Abstract
Recently, we have described novel pyridyl indole esters and peptidomimetics as potent inhibitors of the severe acute respiratory syndrome coronavirus type 2 (SARS-CoV-2) main protease. Here, we analysed the impact of these compounds on viral replication. It has been shown that some antivirals against SARS-CoV-2 act in a cell line-specific way. Thus, the compounds were tested in Vero, Huh-7, and Calu-3 cells. We showed that the protease inhibitors at 30 µM suppress viral replication by up to 5 orders of magnitude in Huh-7 cells, while in Calu-3 cells, suppression by 2 orders of magnitude was achieved. Three pyridin-3-yl indole-carboxylates inhibited viral replication in all cell lines, indicating that they might repress viral replication in human tissue as well. Thus, we investigated three compounds in human precision-cut lung slices and observed donor-dependent antiviral activity in this patient-near system. Our results provide evidence that even direct-acting antivirals may act in a cell line-specific manner.

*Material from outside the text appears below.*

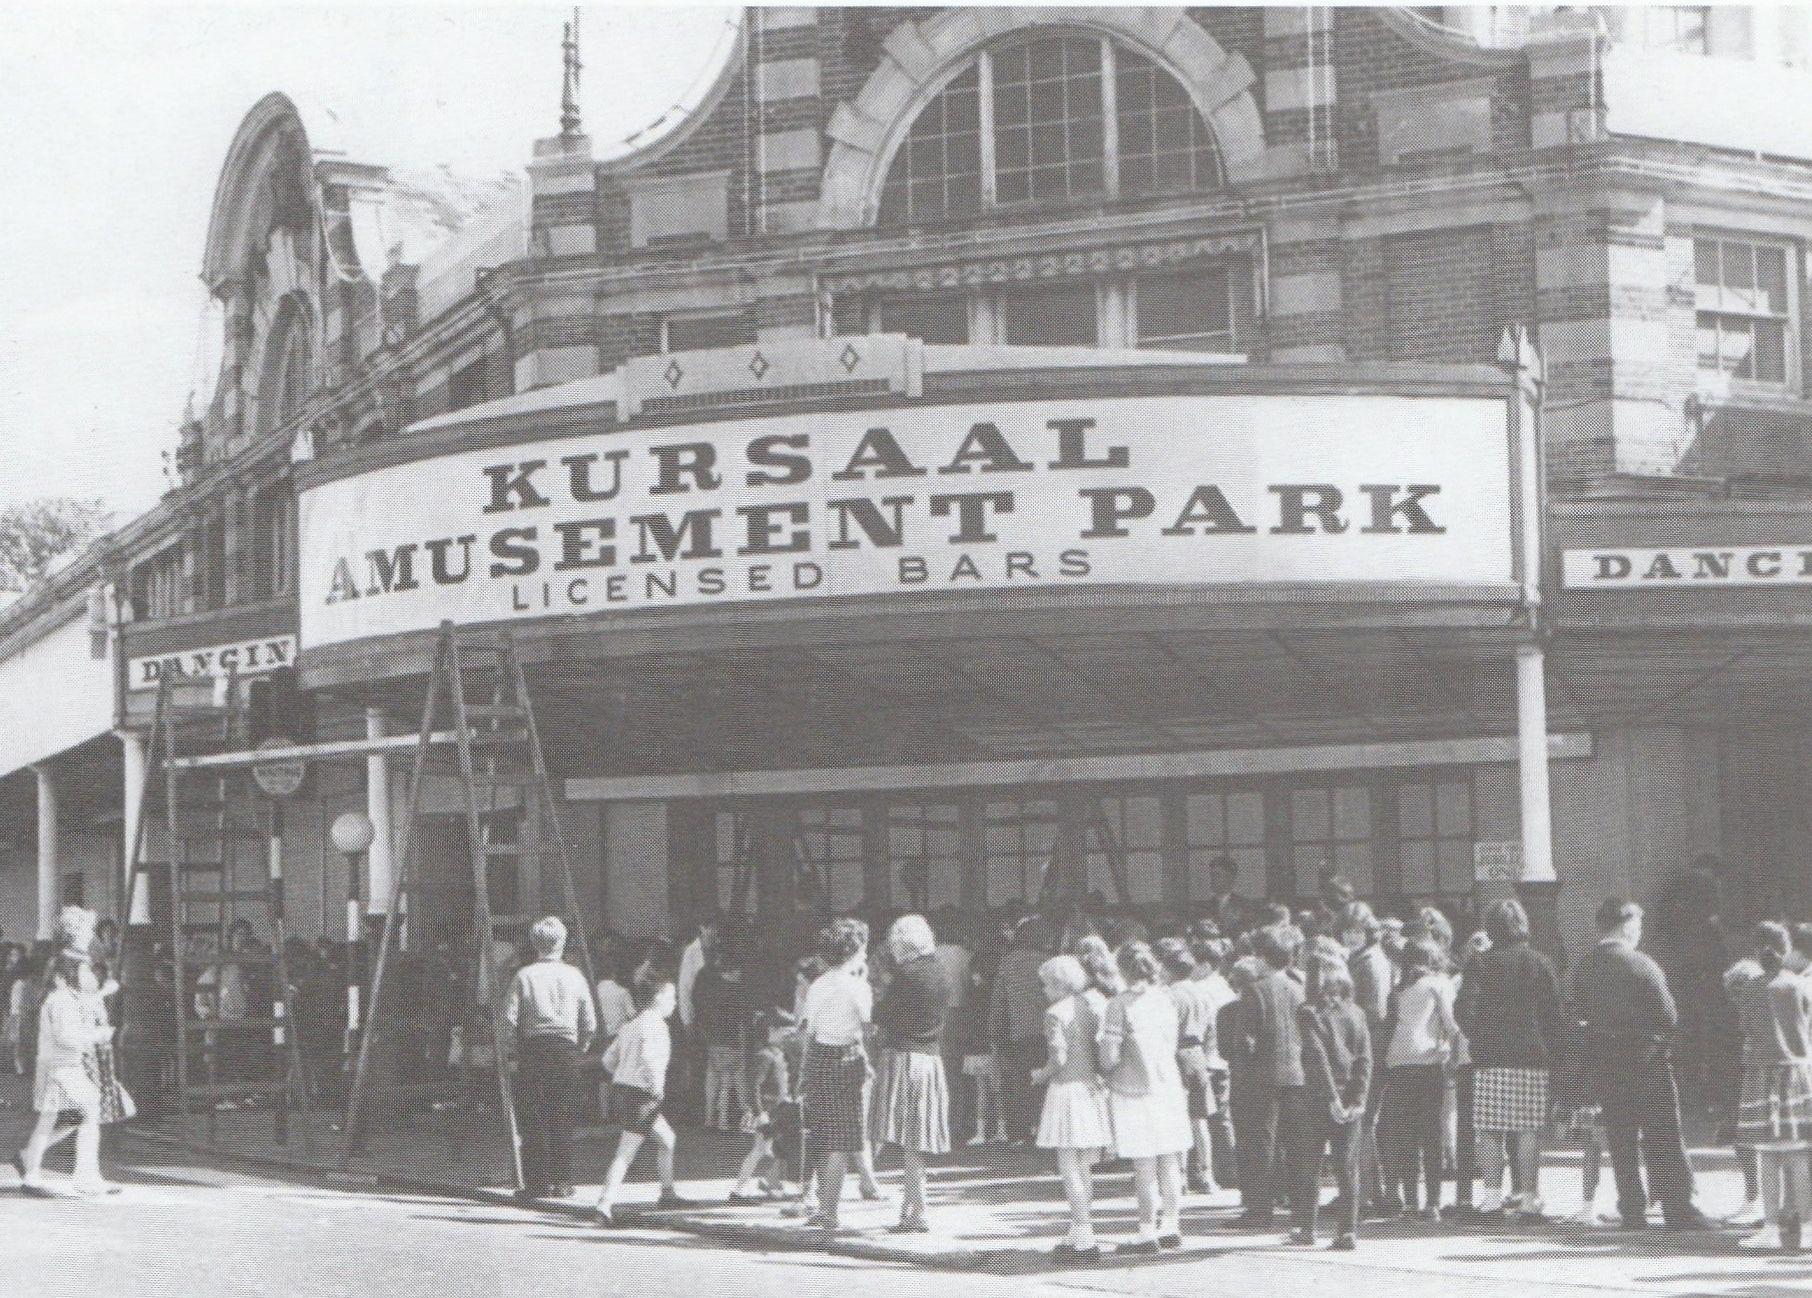 ad0760b104269c9990673fa0b57b0373 - Southend's Kursaal 50 years on
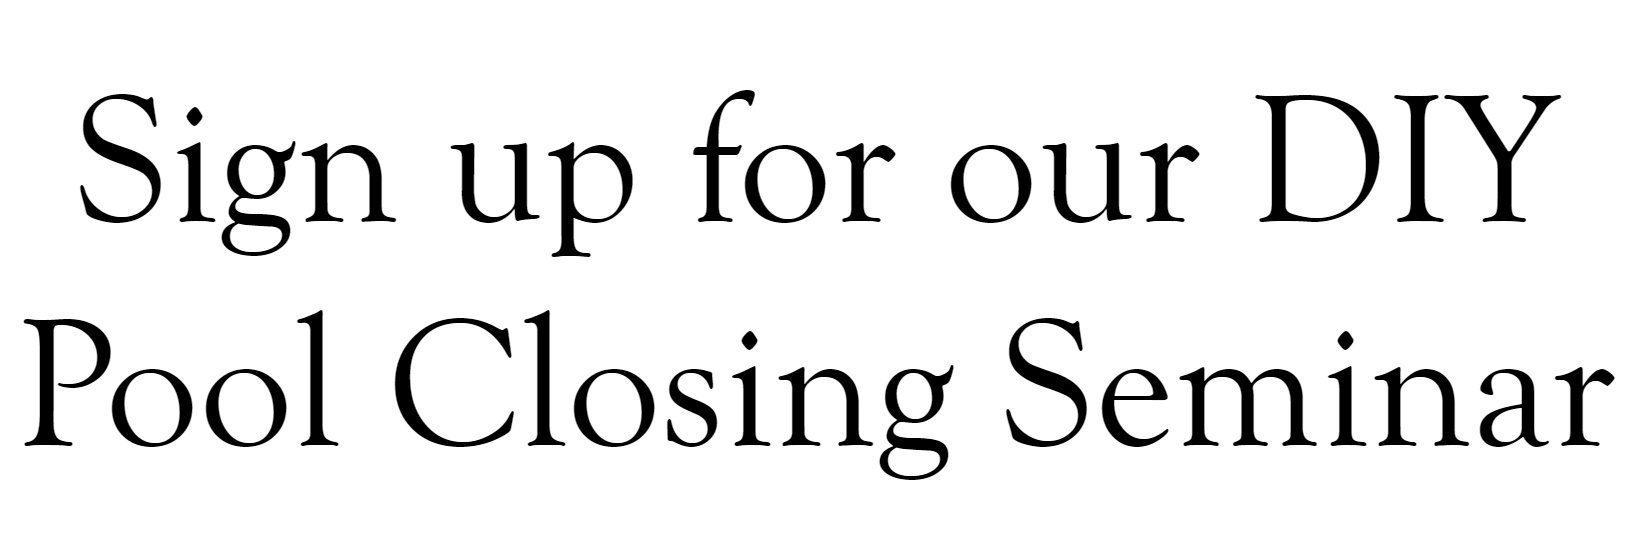 pool-closing-seminar-button-white

Keywords: SARS-CoV-2, protease inhibitors, cell line specificity pyridyl indole carboxylates, azapeptide nitriles, peptidomimetics
1. Introduction
Since the end of 2019, SARS-CoV-2, the virus that causes the coronavirus disease of 2019 (COVID-19), has become a pandemic threat, with more than 1.7 million deaths after one year and more than 6.7 million deaths by January 2023 [1]. Despite the fast development of vaccines, which can prevent severe outcomes even in high-risk patients, the number of lethal infections still increases. While all countries implemented vaccination programs, only some reached levels for the first vaccination above 90%. Seven countries including Yemen, Haiti, and Cameroon, could still not vaccinate more than 10% of their population. Seventy-four countries have failed to vaccinate 50% of their population, leaving the need to develop effective antiviral therapies [1].
In the past, the development of antivirals has led to drugs that prolonged the lifespan of infected patients, e.g., in the case of human immunodeficiency virus-1 (HIV-1) by decades, or even cured infected patients entirely within weeks, as in hepatitis C virus (HCV) infections. Direct-acting antivirals inhibit viral entry or essential viral enzymes such as proteases, polymerases, integrases, terminases, and helicases (reviewed in [2,3]). In both HCV and HIV-1, mono- or dual-therapies resulted in the generation of resistant viral strains. For HIV-1, the selection of resistant viruses was due to incomplete suppression of viral replication [4]. This indicates that viruses replicating with high viral loads require antiviral combination therapies, suppressing viral loads by 6 or more orders of magnitude [4]. Unfortunately, SARS-CoV-2 belongs to the group of viruses where more than 106 genome copies can be found in samples from infected patients.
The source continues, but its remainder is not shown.